TAKEAWAY: Cancer is but one situation where employers need to know the FMLA; discuss situations with an employment lawyer to ensure you fulfill your legal obligations to employees.
Finally, in the post yesterday 4/1/2023, we learned what to include – and not include – in a termination letter. No, this was NOT an April Fool’s Day joke but something everyone should take seriously. Despite best intentions and attempts, there may come a time when employment must end involuntarily, whether as a result of an employee’s policy violations, misconduct, or subpar performance. Even if not required by law or (collective bargaining or other) contract, there should be something in writing notifying the employee that the work relationship is being terminated, and the wording of that writing can be oh so important. It might make an employee who would otherwise lean to litigation think twice … or not act. If there is an agreement, then the content of the termination letter should track the agreement as discussed in the post.

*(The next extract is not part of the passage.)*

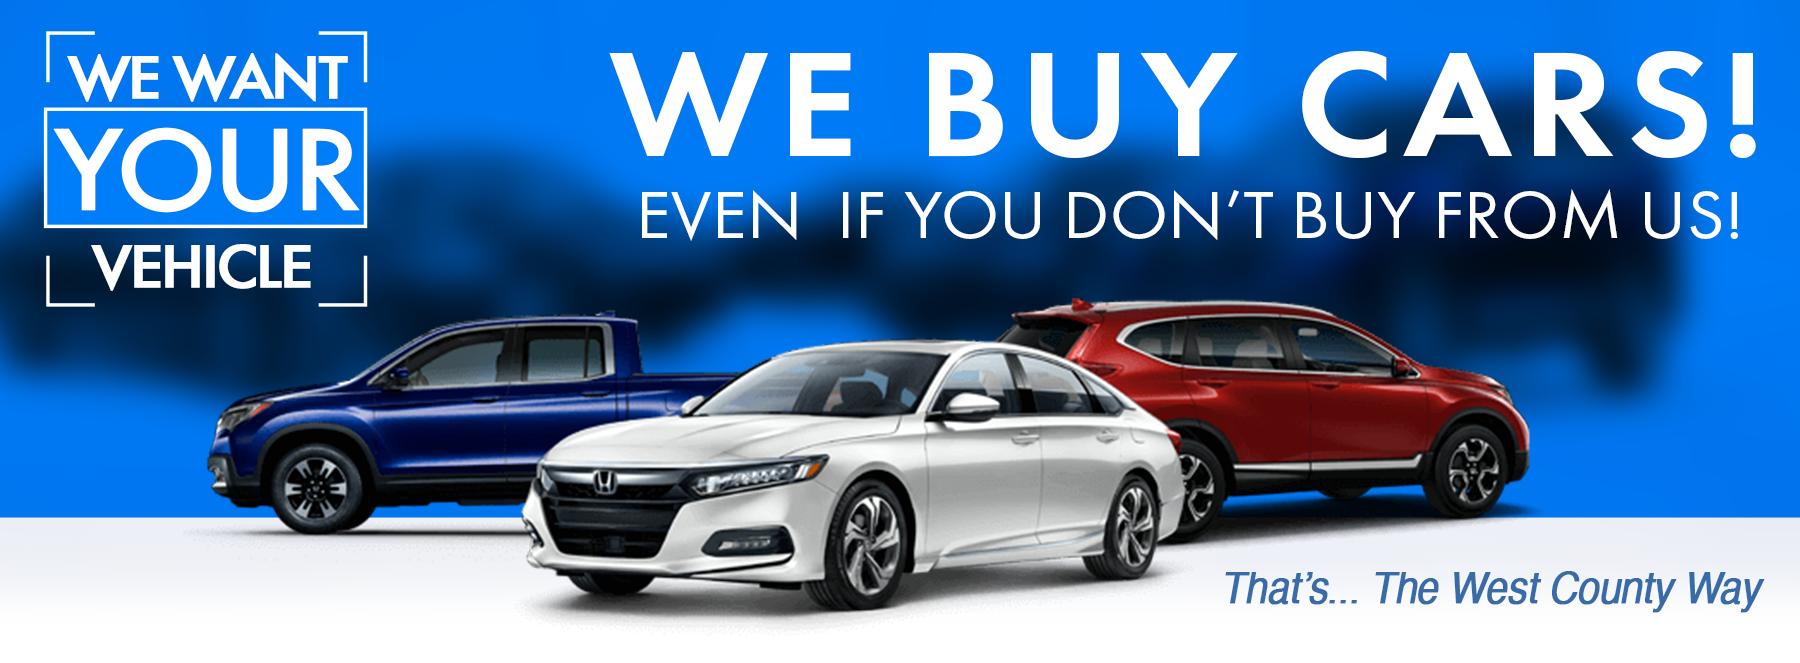 WCH-We Buy Cars-0721

So what should be in the letter? First, whatever it contains should be professional, clear and accurate. It might (the post says “should” but this author differs and suggests that this piece is something to discuss with an employment lawyer) include the reason for separation and the other things noted in the policy. If the termination is part of a policy that has various steps, it should list the other steps already taken. There are financial items (listed in the post) that are always good to include. The letter should absolutely include a reminder of any confidentiality agreement or other restrictive covenants that continue to apply post-termination. Should the employee sign the letter? See the post.
And what should NOT be in the termination letter? Nothing pointing to discrimination or retaliation. Not too much detail. Perhaps not the reason for separation – see pre-ceding paragraph and the post. Nothing unprofessional and no references to anything illegal (see the post). An example of how including the latter type of language can make an employer liable is in the post.
TAKEAWAY: It might seem like a simple thing, but the termination letter will be evidence in any future lawsuits, so employers should prepare it in such a way as to be legally and factually correct and, hopefully, head off any such suit.